1, 2, 3, and 4. IN MY BED AT NIGHT I SOUGHT HIM WHOM MY SOUL LOVES: I SOUGHT HIM, AND FOUND HIM NOT. I WILL RISE AND GO ABOUT THE CITY: THROUGH THE STREETS AND THE SQUARES I WILL SEEK HIM WHOM MY SOUL LOVES: I SOUGHT HIM, AND FOUND HIM NOT. THE WATCHMEN WHO GUARD THE CITY FOUND ME: HAVE YOU SEEN HIM WHOM MY SOUL LOVES? WHEN I HAD A LITTLE PASSED BEYOND THEM, I FOUND HIM WHOM MY SOUL LOVES: I HELD HIM: AND I WILL NOT LET HIM GO, UNTIL I BRING HIM INTO THE HOUSE OF MY MOTHER, AND INTO THE CHAMBER OF HER WHO BORE ME. — The sense is, as if saying: I the Church, sweetly resting in Zion and Judea, and there devoted to prayer, the Word of God, frequent communion, holiness, and every Christian virtue and perfection, as is clear from Acts 2:48 ff.; there I sought Christ, but did not find Him, because most of the Jews, clinging to the Mosaic law, rejected the faith of Christ.

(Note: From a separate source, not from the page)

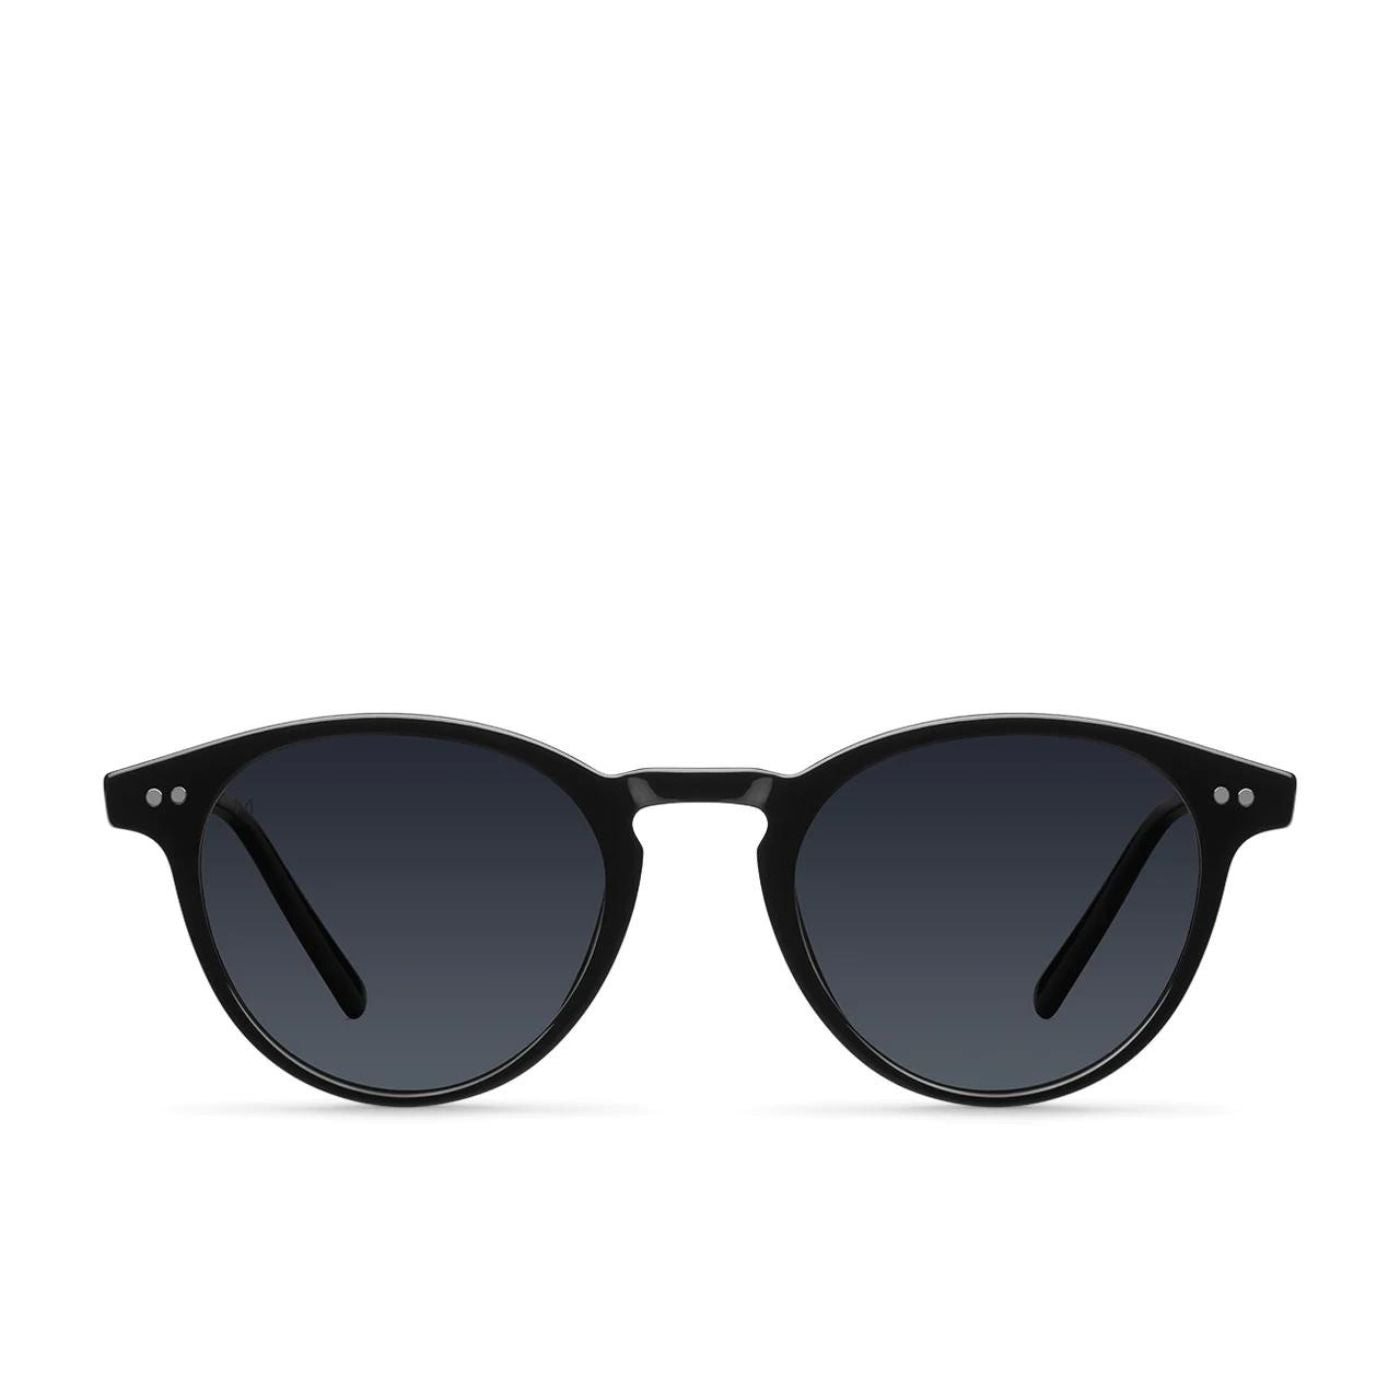 Sika All Black Meller sunglasses

But Christ resides and is found in the Church, that is, in the multitude and universality of believers throughout the whole world.

For the bride notes that Christ through faith dwells in the hearts of the faithful, as St. Bernard observes: She said: I will rise and go about the city of Jerusalem and the rest of Judea subject to it, evangelizing through the streets and squares, I will seek Him whom my soul loves, namely Christ and the faith and worship of Christ. I sought Him, and did not find Him, because the Jews resisted Christ in the Gospel. The watchmen who guard the city found me, namely the pontiffs, chief priests, scribes, Herod Agrippa, and the other rulers of Judea. I questioned them: Have you seen Him whom my soul loves? Do you recognize the Messiah promised to your fathers? Do you believe in Jesus Christ crucified? But they fell silent, and by their silence testified that they did not know Christ.

Therefore, when I had a little passed beyond them, I found Him whom my soul loves, when, namely, shortly after the persecution of the pontiffs and the death of St. Stephen, that is, in the second year after the Passion of Christ, Christ converted St. Paul, and authorized him as teacher of the Gentiles saying, Acts 9:15: "This man is to Me a vessel of election, to carry My name before the Gentiles, and kings, and the children of Israel;" and soon He directed St. Peter to Cornelius, and the other apostles to convert diverse nations throughout the whole world. There therefore, in the faith of the Gentiles, the apostles found Christ, as residing and reigning in the universal Church. Then therefore the Church said: I held Him, nor will I let Him go: because I will found Churches everywhere among the nations, and thus by priests, bishops, sacraments, teachers, preachers, miracles, etc., I will establish them in the faith of Christ, so that they will never cast it off, but either simultaneously, or alternately and successively hold it fast, so that always a great part of the world worships and adores Christ.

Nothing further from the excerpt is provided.